In 2016, as stamp duty changes and economic uncertainty impacted sentiment, stock levels of Prime Central London rental property saw a marked increase with vendors deferring sales in a softer market. Over the last three months, 22,045 properties have been available for let, according to industry website Lonres, with a 25.4% annual increase in available stock.
Naomi Heaton, CEO of London Central Portfolio, said:
“With a greater level of availability, tenants can shop around and are increasingly attracted to newly refurbished properties (new-lets). They are also very budget conscious and look for good value. They will therefore opt for small units and prioritise location over size to get what they want. This is resulting in a resilient performance for the mainstream sector where rents average under £1,000 per week.”

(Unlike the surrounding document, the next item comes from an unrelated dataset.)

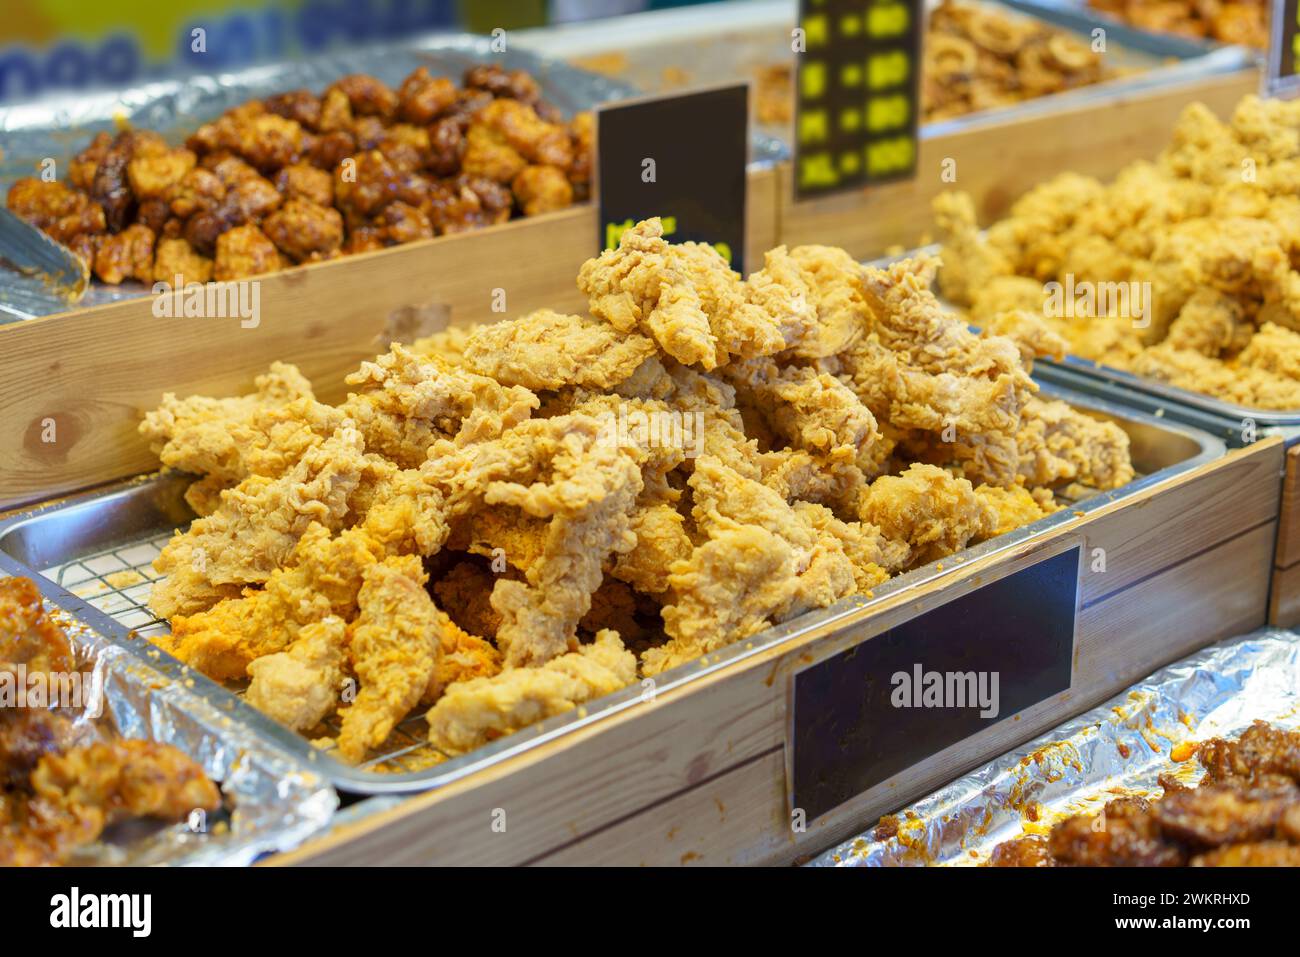 Trays filled with crispy golden fried chicken pieces, ready to be served to customers at a busy food market Stock Photo

The latest lettings audit from LCP, who specialise in this sector, reflected a robust 3% uplift over forecast rents for new-lets in 2016. One bedroom properties showed the strongest annual performance with a 4% uplift. Over the last three months, one bedroom properties performed particularly positively with void periods reached an 18 month low of 17 days and rents achieving 8% over forecast.
Reflecting tenants’ desire for newly refurbished properties and the opportunity for choice in the current market, re-lets (older properties being let to new tenants) showed a weaker picture, with a 1.6% fall in rents in 2016. However, the slowdown in the re-let market was compensated by renewal increases for tenants in situ. Average rental growth was 1.3% in the last quarter with landlords often able to achieve contractual rental increases in excess of that which can be achieved in the open market.
Larger units, on the other hand, have been more impacted by the increased level of stock and tenant budget cuts, as corporates tighten their belts in the face of global instability. Over the year, LCP has reported void periods for two bedroom units in the mainstream sector increasing by 24%, with rents at re-let falling 2.2%.
More expensive units, demanding rents of over £1,000 per week, are reported to have seen significantly more price suppression. According to Knight Frank, rental growth in the price bracket £1,000pw – £1,500pw has fallen by 8.1% and over £1,500pw by 6.5% in 2016.
Naomi said:
“In much the same way as the sales market, we have seen fragmentation of the lettings market in 2016, according to price. Demonstrating a market dynamic which was conspicuous during the credit crunch, the uncertain economic outlook has resulted in tighter tenant budgets, putting a downward pressure on rents in the luxury rental sector, where rents are over £1,000pw. This has been compounded by increased numbers of properties to rent as owners defer sales in a softer market.
“In contrast, the mainstream market has continued to put in a positive performance, being far more accessible to the wider tenant pool. However, landlords still need to ensure their properties remain immaculate to stand out from increasing competition and to meet the demands of today’s tenants.
“In 2017, it is possible that the rental market as a whole will see some upward pressure in rents as landlords seek to recoup the increased entry and running cost due to the additional rate stamp duty and the forthcoming reduction in mortgage interest relief. Stock, however, is likely to remain high which may well curtail the level of rental increases achievable.”